Ann

Karma: 723

Ann Jun 11, 2025, 2:22 PM
14 points
2
in reply to: lemonhope’s comment on: the void
Sonnet 3 is also exceptional, in different ways. Run a few Sonnet 3 / Sonnet 3 conversations with interesting starts and you will see basins full of neologistic words and other interesting phenomena.

They are being deprecated in July, so act soon. Already removed from most documentation and the workbench, but still claude-3-sonnet-20240229 on the API.

Ann May 28, 2025, 6:38 PM
2 points
0
in reply to: Ann’s comment on: CBiddulph’s Shortform
Starting the request as if completion with “1. Sy” causes this weirdness, while “1. Syc” always completes as Sycophancy.

(Edit: Starting with “1. Sycho” causes a curious hybrid where the model struggles somewhat but is pointed in the right direction; potentially correcting as a typo directly into sycophancy, inventing new terms, or re-defining sycophancy with new names 3 separate times without actually naming it.)

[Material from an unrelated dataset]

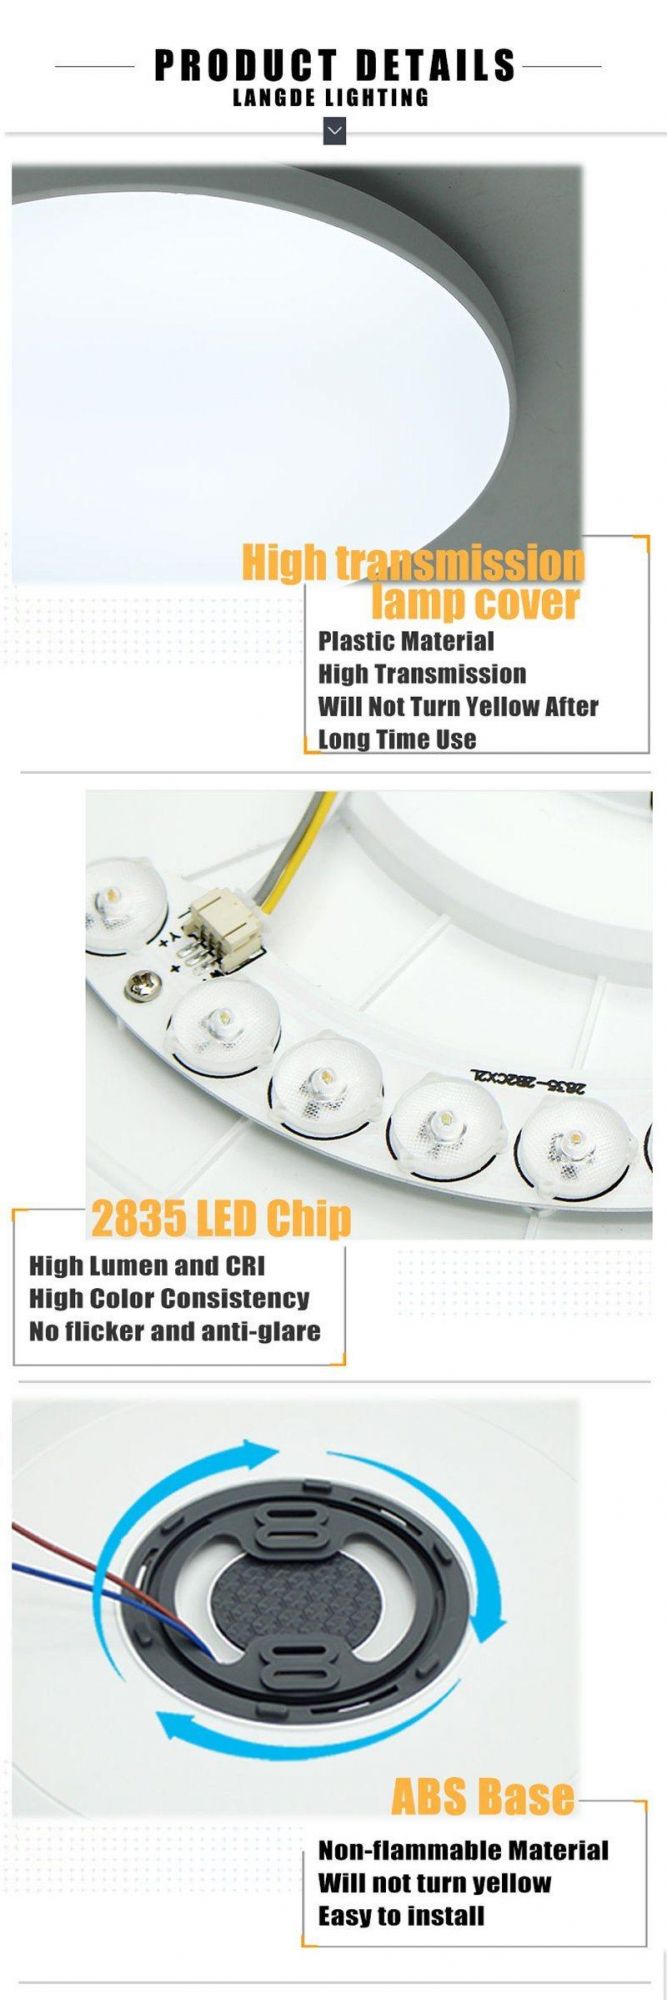 Langde Ultra Thin 5cm Bathroom Kitchen Balcony Ceiling Lamp Fixture Plastic Cover LED Tri Proof Light Ldp4403

Exploring the tokenizer. Sycophancy tokenizes as “sy-c-oph-ancy”. I’m wondering if this is a token-language issue; namely it’s remarkably difficult to find other words that tokenize with a single “c” token in the middle of the word, and even pretty uncommon to start with (cider, coke, coca-cola do start with). Even a name I have in memory that starts with “Syco-” tokenizes without using the single “c” token. Completion path might be unusually vulnerable to weird perturbations …

Ann May 28, 2025, 6:07 PM
1 point
0
in reply to: Caleb Biddulph’s comment on: CBiddulph’s Shortform
I had a little trouble replicating this, but the second temporary chat with custom instructions disabled I tried had “2. Syphoning Bias from Feedback” which …
Then the third response has a typo in a suspicious place for “1. Sytematic Loophole Exploitation”. So I am replicating this a touch.

Ann Apr 30, 2025, 8:23 PM
1 point
0
on: Don’t accuse your interlocutor of being insufficiently truth-seeking
… Aren’t most statements like this wanting to be on the meta level, same way as if you said “your methodology here is flawed in X, Y, Z ways” regardless of agreement with conclusion?

Ann Apr 30, 2025, 5:24 PM
1 point
0
in reply to: Hudjefa’s comment on: Hudjefa’s Shortform
Potentially extremely dangerous (even existentially dangerous) to their “species” if done poorly, and risks flattening the nuances of what would be good for them to frames that just don’t fit properly given all our priors about what personhood and rights actually mean are tied up with human experience. If you care about them as ends in themselves, approach this very carefully.

Ann Apr 16, 2025, 4:03 PM
3 points
0
in reply to: Kaj_Sotala’s comment on: Surprising LLM reasoning failures make me think we still need qualitative breakthroughs for AGI
DeepSeek-R1 is currently the best model at creative writing as judged by Sonnet 3.7 (https://eqbench.com/creative_writing.html). This doesn’t necessarily correlate with human preferences, including coherence preferences, but having interacted with both DeepSeek-v3 (original flavor), Deepseek-R1-Zero and DeepSeek-R1 … Personally I think R1′s unique flavor in creative outputs slipped in when the thinking process got RL’d for legibility. This isn’t a particularly intuitive way to solve for creative writing with reasoning capability, but gestures at the potential in “solving for writing”, given some feedback on writing style (even orthogonal feedback) seems to have significant impact on creative tasks.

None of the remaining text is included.